◆ **Exercise requirements**
For this exercise, retype all the data exactly and exclude every image.
***** Data segment *****
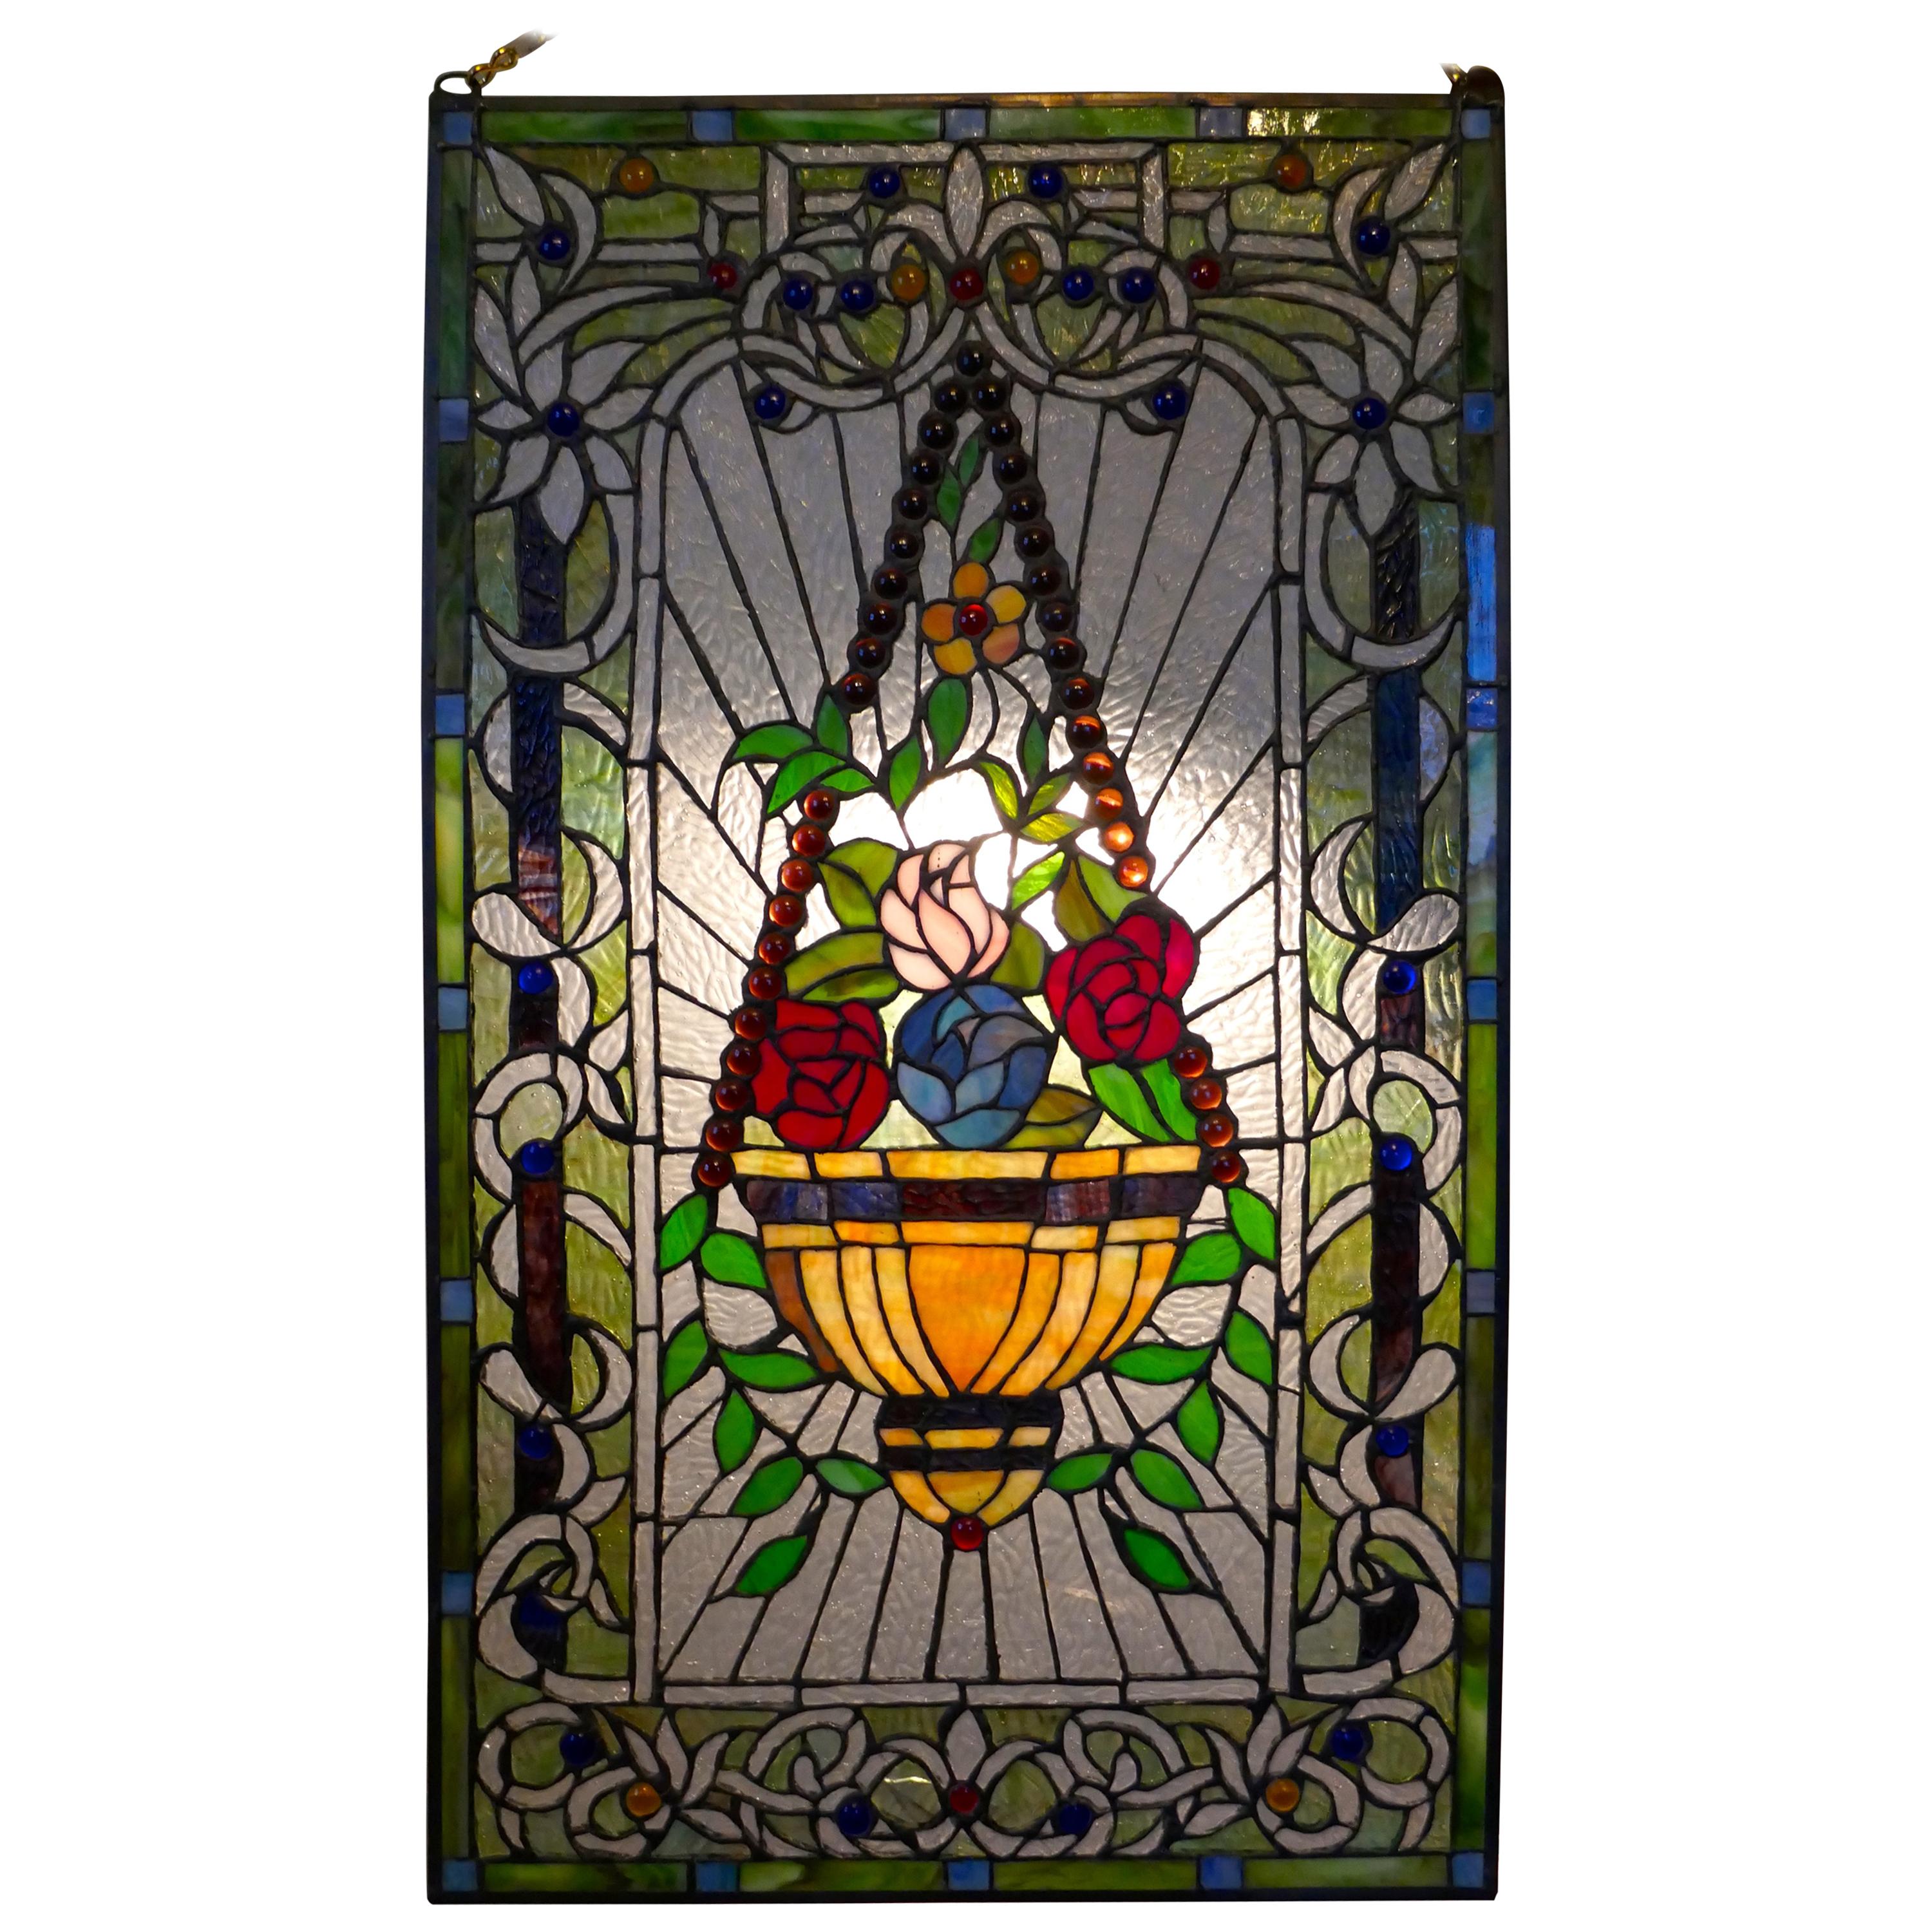 Large Art Nouveau Stained Glass Panel for a Window or Door
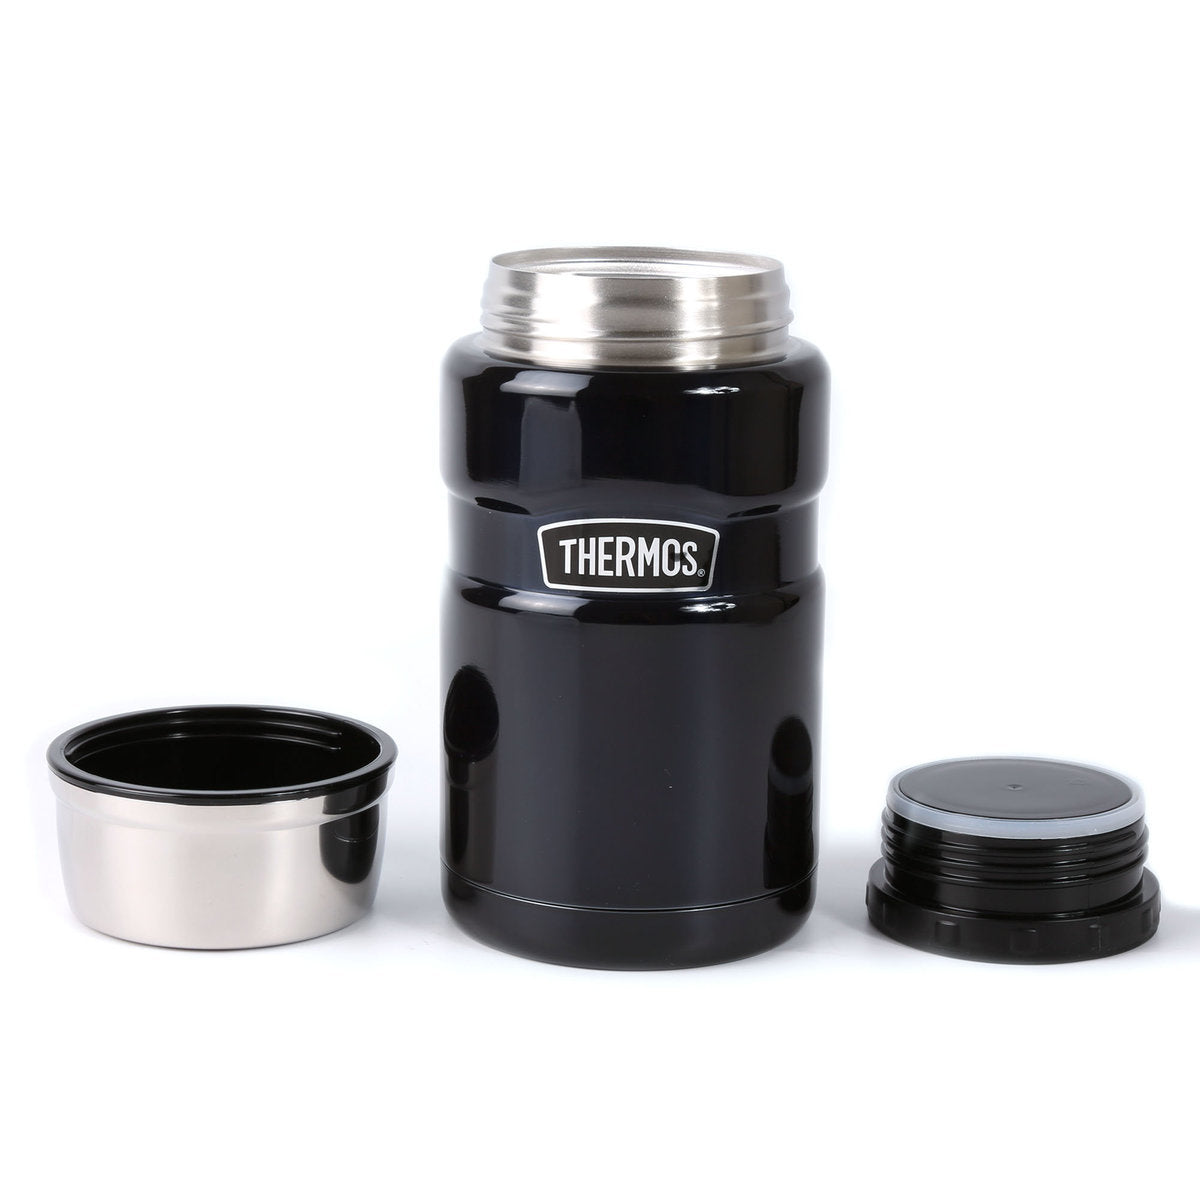 Thermos SK3020 Series Stainless Steel Food Jar 710mL (Midnight Blue) Without Spoon 膳魔師不鏽鋼食物燜燒壺 front view
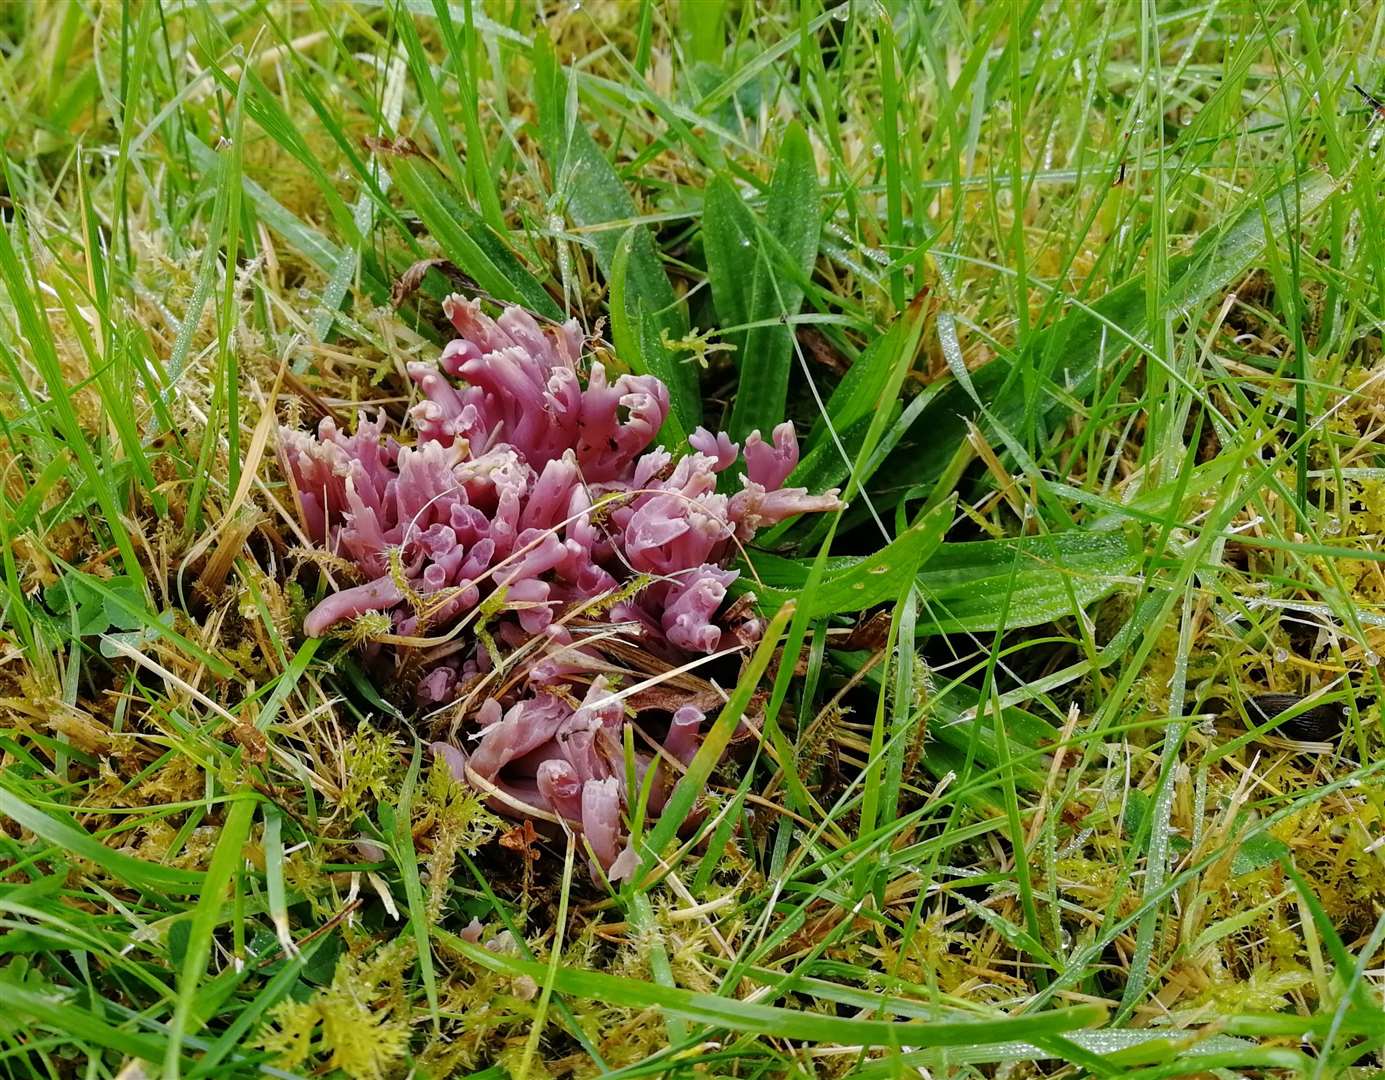 The colourful Violet Coral fungus was found on grasslands at two Munros (Plantlife/PA)
*****
◆ **Answer for this exercise**
 Large Art Nouveau Stained Glass Panel for a Window or Door
 Thermos SK3020 Series Stainless Steel Food Jar 710mL (Midnight Blue) Without Spoon 膳魔師不鏽鋼食物燜燒壺 front view
 The colourful Violet Coral fungus was found on grasslands at two Munros (Plantlife/PA)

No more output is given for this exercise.